Once you've done the second step, you've expressed your new document as a short vector of numbers that you can now do all sorts of things with:

 - group documents together
 - summarize one or several documents
 - classify it (e.g. sentiment, tagging)
 - explore, e.g. temporal trends in what people are discussing, e.g. [Time-series plots of 1000 topics extracted from 20 years of the New York Times.](http://christo.cs.umass.edu/NYT/)

## Latent Dirichlet Allocation

The best known and best algorithm for finding topics in a corpus is Latent Dirichlet Allocation. It's got a complicated name and, to be frank, it's a complicated algorithm. If you'd like to begin to dig into the details, there are two resources I recommend very highly!

 - [Tim Hopper's PyData NYC 2015 talk](https://www.youtube.com/watch?v=_R66X_udxZQ)
 - [David Blei's ACM article](https://www.cs.princeton.edu/~blei/papers/Blei2012.pdf)
 
For the purposes of this talk, I'm just going to say it finds groups of words that co-occur by magic!

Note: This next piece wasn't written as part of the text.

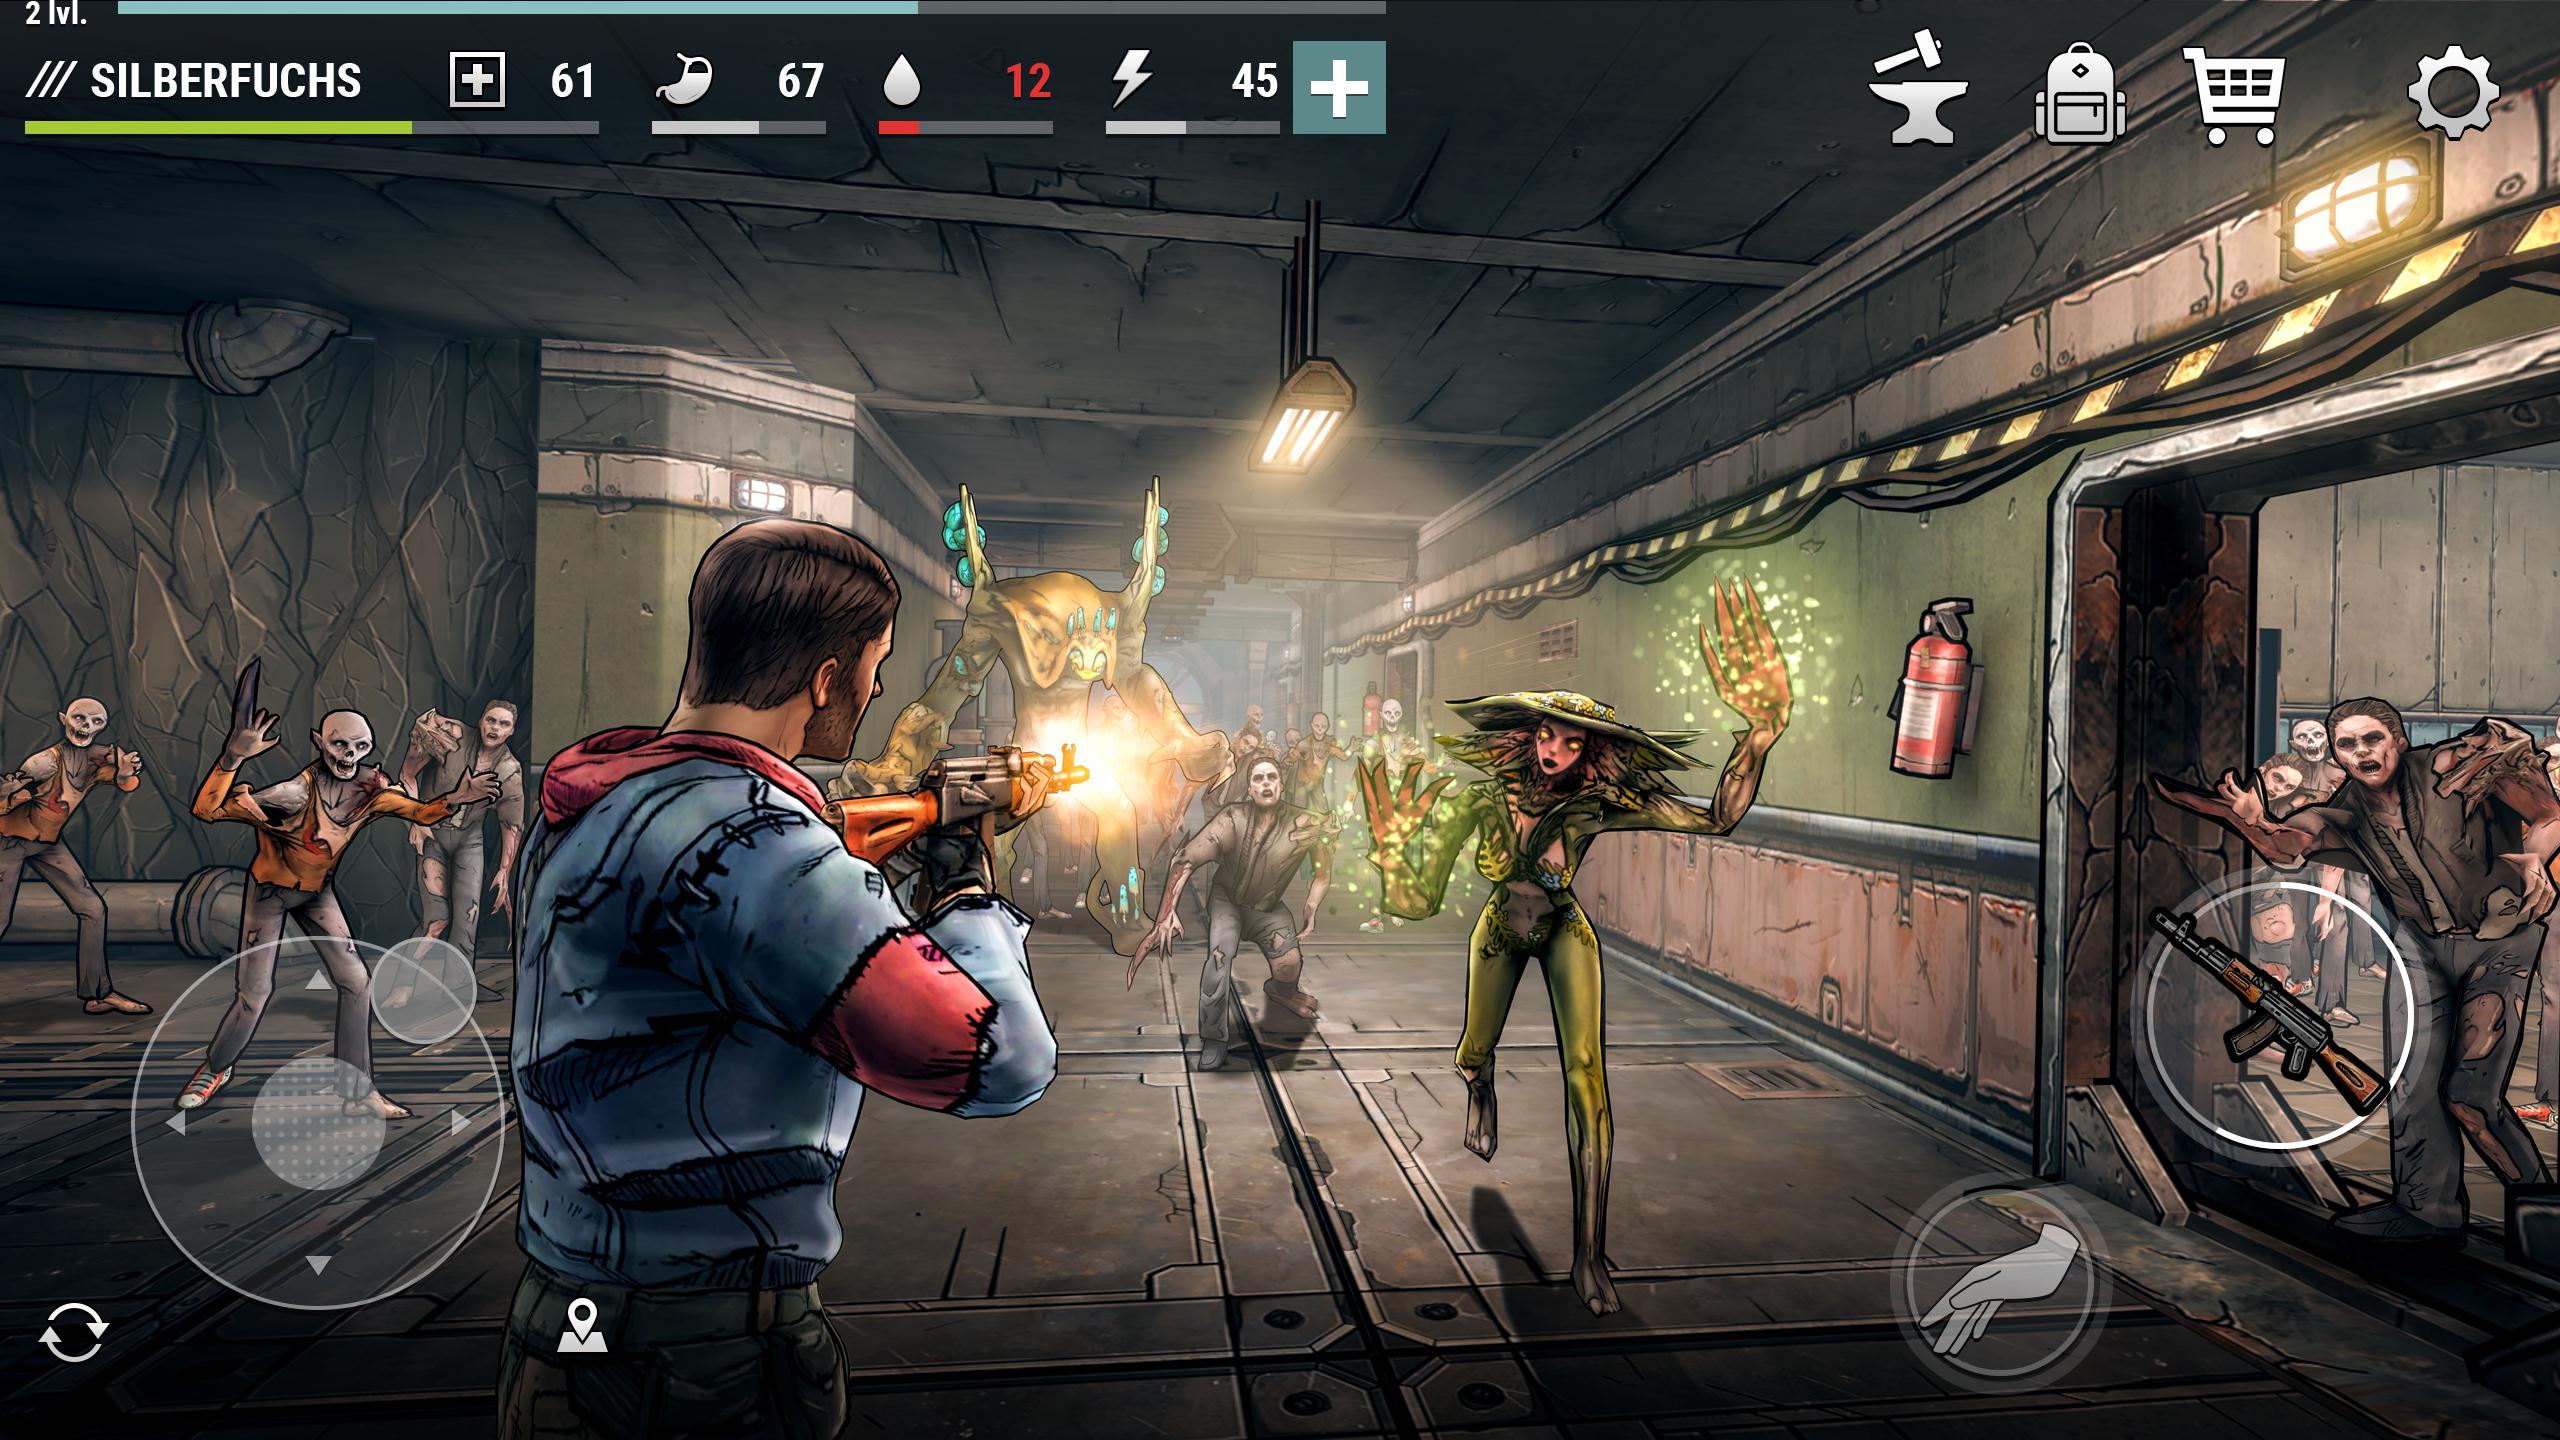 Dark Days for Android - APK Download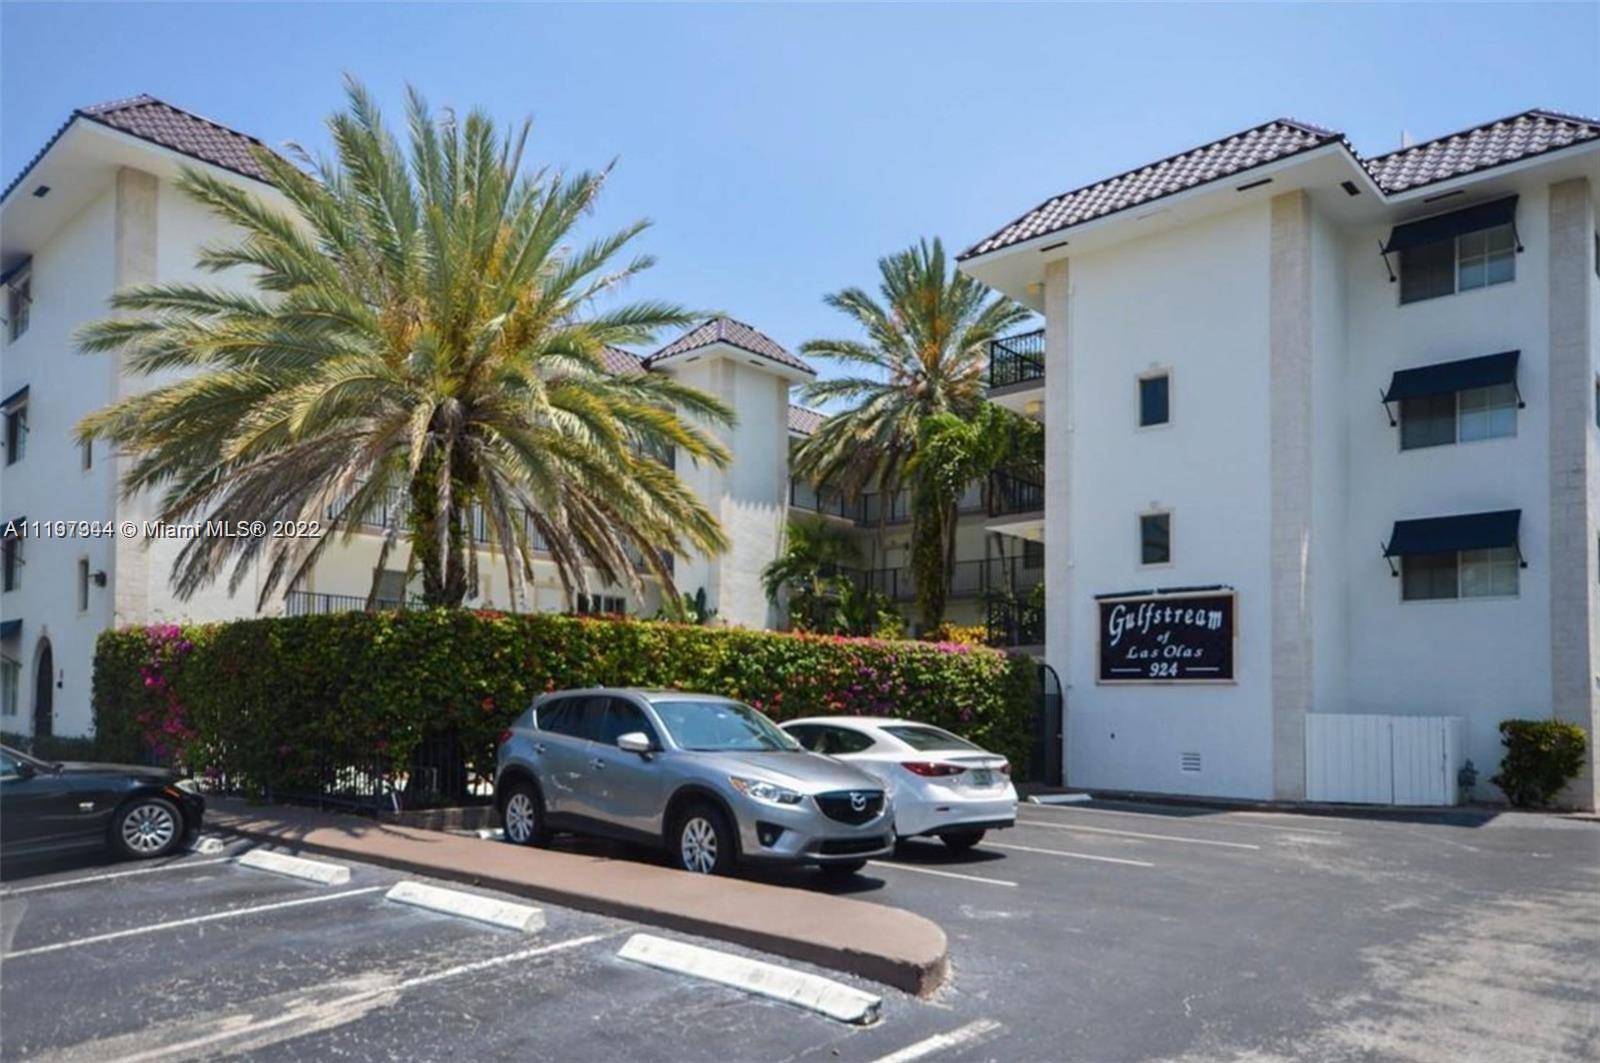 Gorgeous first floor corner unit located 2 blocks from Las Olas -  Unit is a split floor-plan with a

The good news is, there are several excellent open source implementations of the algorithm, and we're going to use one of those today.

We're going to apply it to a public dataset of Amazon product reviews.

# Load data

The cell below opens the file and loads it into a pandas dataframe.

There's a lot going on in this line, all of which is useful to understand if you're a Python programmer, but none of which is necessary to understand if you're only interested in LDA.

If you would like a more detailed explanation of what's going on, please see [the Data notebook](data.ipynb)

In [None]:
import json
import numpy as np
import pandas as pd
from __future__ import print_function

with open("reviews.json", 'rb') as f:
    reviews = pd.DataFrame(json.loads(l.decode()) for l in f)

A pandas dataframe is a structured table-like object that, among many other things, supports a bunch of SQL-like operations and handles fiddly data types like data and times well. I don't know much about R, but I understand R has objects like this too.

`head` allows us to see the first few rows:

In [None]:
reviews.head(2)

Individual columns can be accessed as keys:

In [None]:
reviews['asin'].head()

In [None]:
print("{} reviews".format(len(reviews)))
print("of {} products ".format(len(reviews.asin.unique())))
print("by {} unique authors ".format(len(reviews.reviewerID.unique())))

In [None]:
texts = reviews.loc[:19999, 'reviewText']

In [None]:
print(texts[0])

# Vectorize reviews

You have to preprocess the text a little before you apply LDA: you need to split documents into words, and you need to turn words into vectorized numbers.

Ironically, in order to get the benefits of LDA, we first need to run bag of words on our data!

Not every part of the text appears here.